In una nota l’ex primo cittadino, oggi a capo della Regione Piemonte rivendica i risultati ottenuti dalla stagione caratterizzata dalle giunte di Valentino Castellani, sua e di Piero Fassino. Un arco di tempo in cui “si sono realizzate la prima e attuale unica linea di metropolitana funzionante a Torino; il passante ferroviario e la relativa copertura, il raddoppio del Politecnico, la riqualificazione del Quadrilatero romano e di larga parte dei mercati rionali della città, nuovi parcheggi come Piazza Vittorio e Piazza San Carlo che hanno consentito la pedonalizzazione del centro storico con i benefici che tutti possono constatare e di cui tutti possono usufruire. Abbiamo, inoltre, avviato il recupero delle Ogr, riaperto musei che erano chiusi da tempo immemore, come Palazzo Madama, contribuito alla trasformazione di musei come l’Egizio e il Museo del Cinema, aperto musei nuovi come il Mao, realizzato il termovalorizzatore, senza il quale Torino forse avrebbe conosciuto qualche turbolenza dal punto di vista della gestione dei rifiuti”. Non solo. Chiamparino rivendica naturalmente le Olimpiadi, “che forse hanno dato un certo contributo alla proiezione internazionale e alla crescita del turismo della nostra città. Oltretutto è probabile che senza questo massiccio impegno di risorse pubbliche, sarebbero stati ben più pesanti gli effetti della crisi industriale che abbiamo subito, e da cui non siamo ancora completamente usciti”. Quindi, conclude Chiamparino, “chiedo alla sindaca a quali di queste opere si sarebbe dovuto rinunziare per non generare squilibri strutturali”.

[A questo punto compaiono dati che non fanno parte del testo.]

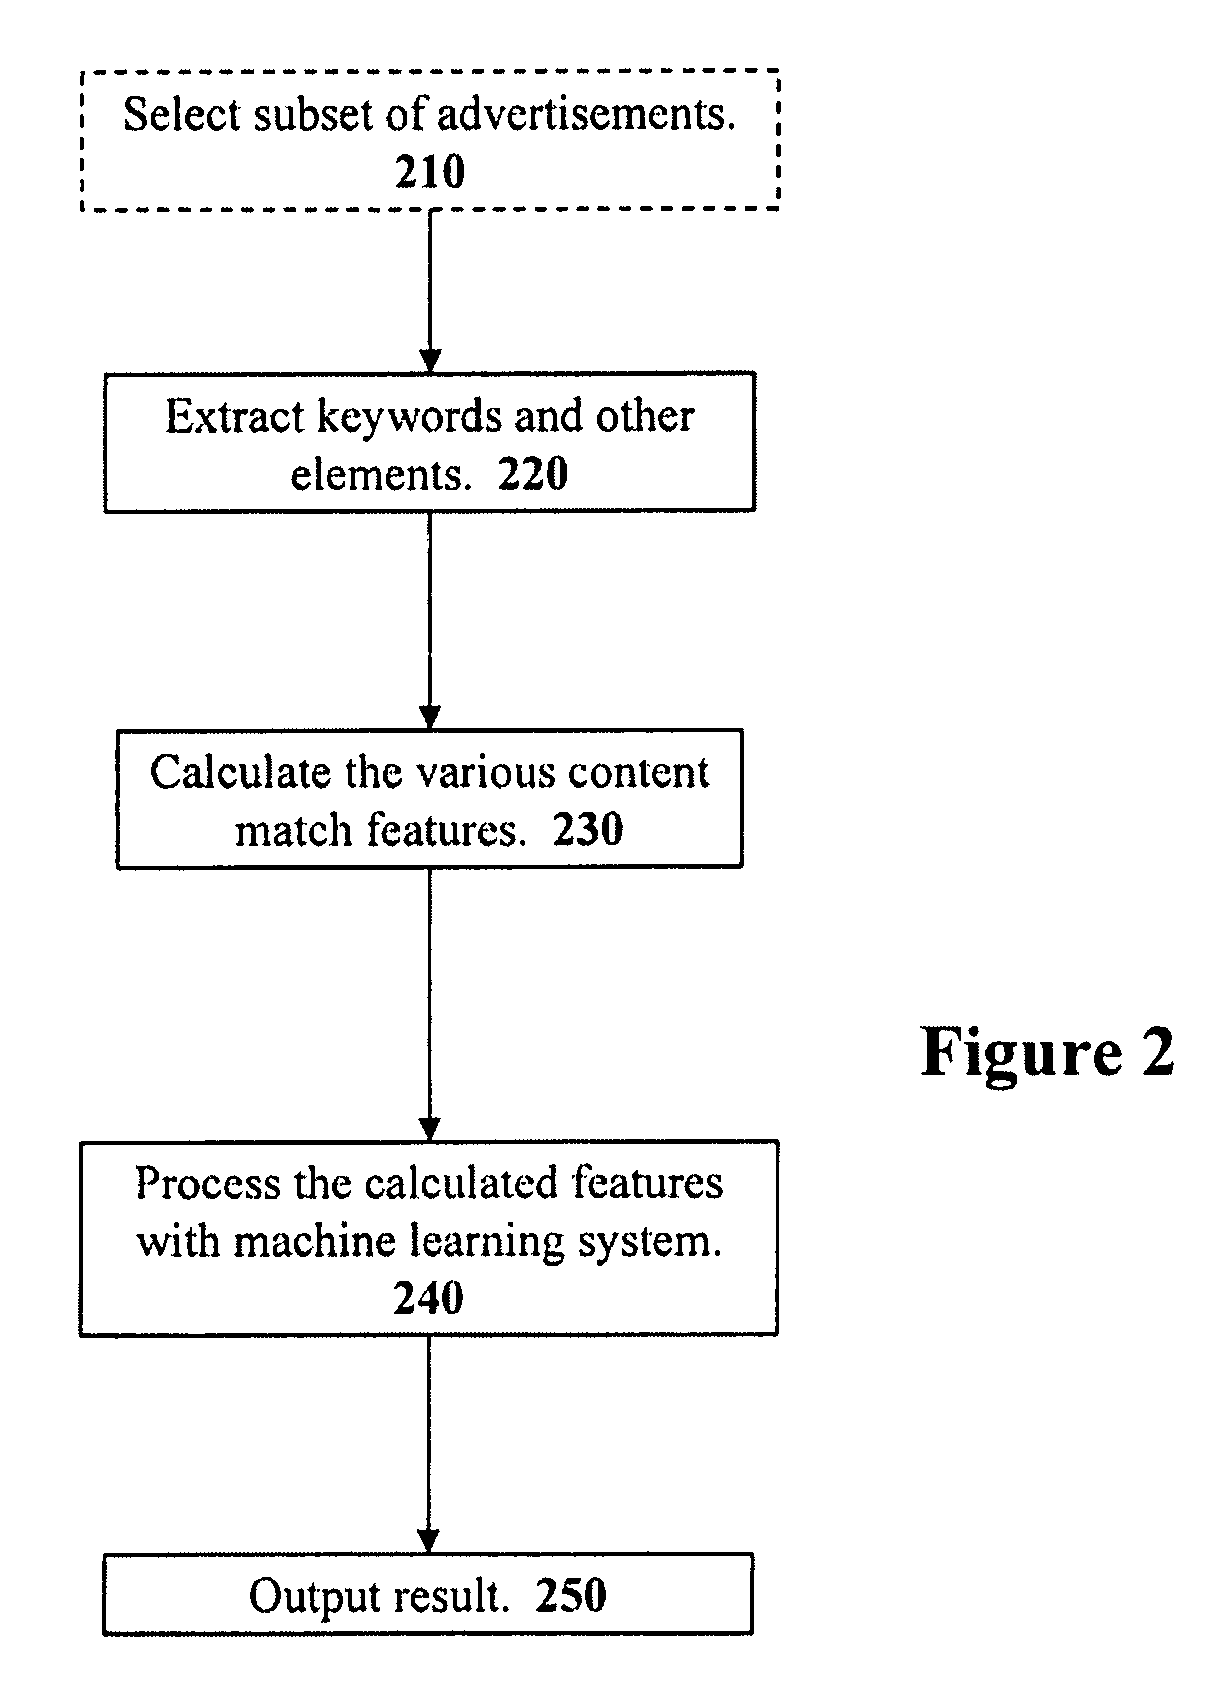 Method for selecting electronic advertisements using machine translation techniques

Uno scontro che avviene proprio mentre il Chiappendino, curioso ircocervo politico impegnato a combattere le emergenze che di volta si presentano di fronte a Regione e Comune, si trova impegnato su più fronti, da Gtt al Salone del Libro. Appendino – che incolpa Fassino di “non aver detto la verità”, senza imputargli la responsabilità esclusiva dello stato dei conti di Palazzo Civico – ha fatto proprio quel che il suo predecessore non si è mai sentito di fare. Puntando, pur senza citarlo, il dito contro il principale artefice della sbornia olimpica. In questo senso ha aperto un dibattito che Fassino ha sempre voluto soffocare per ragion di stato, o forse semplicemente di partito.
Ma Appendino sa che per stare in piedi e fronteggiare quella pattuglia sempre più in fermento che la sostiene in Sala Rossa ha bisogno di alzare i toni, coagulare le truppe contro i fantasmi del passato e così, dopo la notte dei lunghi coltelli di ieri in cui ancora c’era chi, tra i consiglieri, chiedeva di intraprendere la procedura del pre-dissesto, scaricando tutto sul passato, Appendino è passata all’attacco. Forse inconsapevolmente e certamente in modo indiretto ha centrato il bersaglio grosso, in questo senso sì ha fatto l’operazione verità.
Un macigno pesa ora sulla Appendino, mentre Torino perde posizioni nello scacchiere nazionale: sarà in grado di coniugare il rigore finanziario con una nuova stagione di sviluppo che la città ha conosciuto nei trent’anni da lei messi all’indice? A oggi pare di no. Manca un’idea, un progetto. Ed è già passato un anno e mezzo.